Para enfrentar esse questionamento, recuperou-se a resposta dada por Ruy Fausto a essa crítica. Na apresentação da mercadoria no primeiro capítulo de O capital, conforme ela, o discurso marxiano rememora de certo modo a velha metafísica, “mas essa metafísica [que apresenta] é reprodução da metafísica do real. É o real, o [próprio] capitalismo que é em certo sentido metafísico.”
Nessa perspectiva, Fausto diz então que “o discurso quase metafísico é o verdadeiro discurso científico de tal modo que o discurso usual da ciência se afigura como inadequado”. Ele seria impróprio porque apresentaria o capitalismo sem a mistificação que lhe é inerente.

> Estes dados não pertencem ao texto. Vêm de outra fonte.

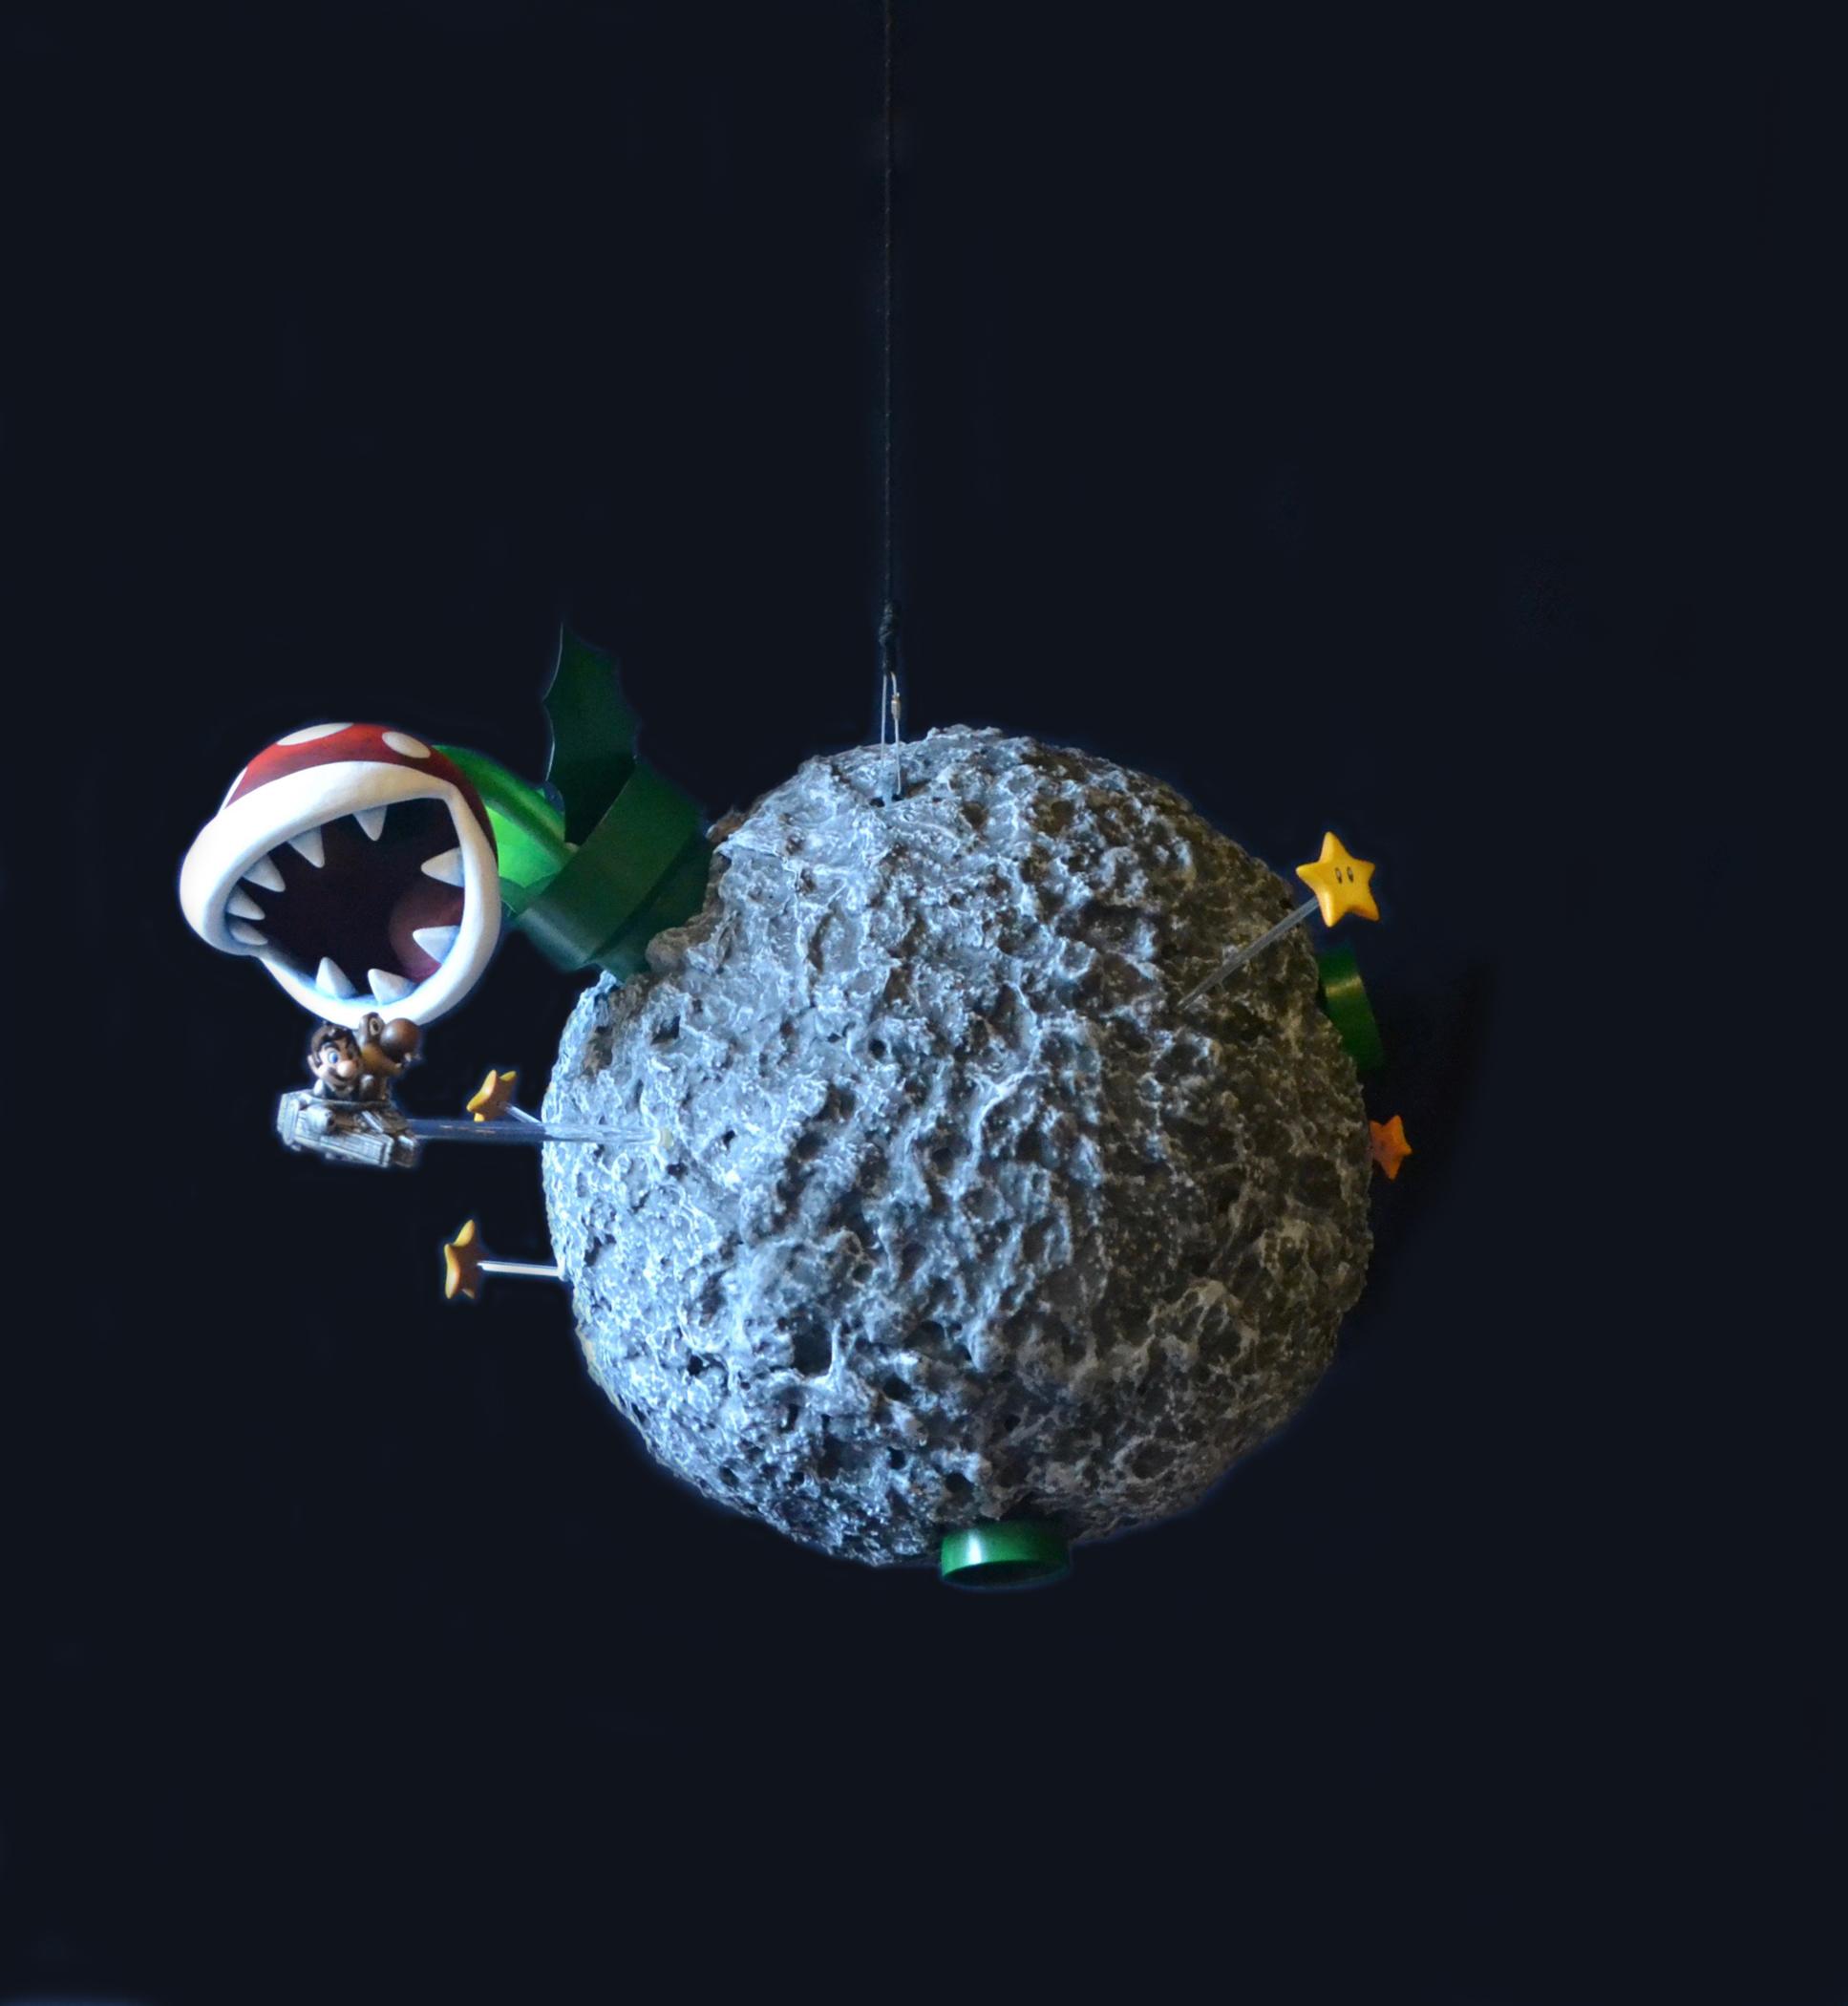 Piranha Astro-Asteroid

As seções que se seguem, em que se lê criticamente vários autores, estão, pois, baseadas nas interpretações rigorosas feitas por esse autor em seus livros. Em particular, faz-se uso intenso do escrito Abstração real e contradição: sobre o trabalho abstrato e o valor. [iii]
A questão penosa
A mercadoria, como bem se sabe, é apresentada em O capital, de modo imediato, como unidade contraditória do valor de uso e do valor de troca. O valor de uso em geral responde às necessidades humanas nas sociedades que existiram, existem ou existirão; o valor de troca, por sua vez, decorre da sociabilidade mercantil e se revela sob análise, de modo mediato, como manifestação do valor.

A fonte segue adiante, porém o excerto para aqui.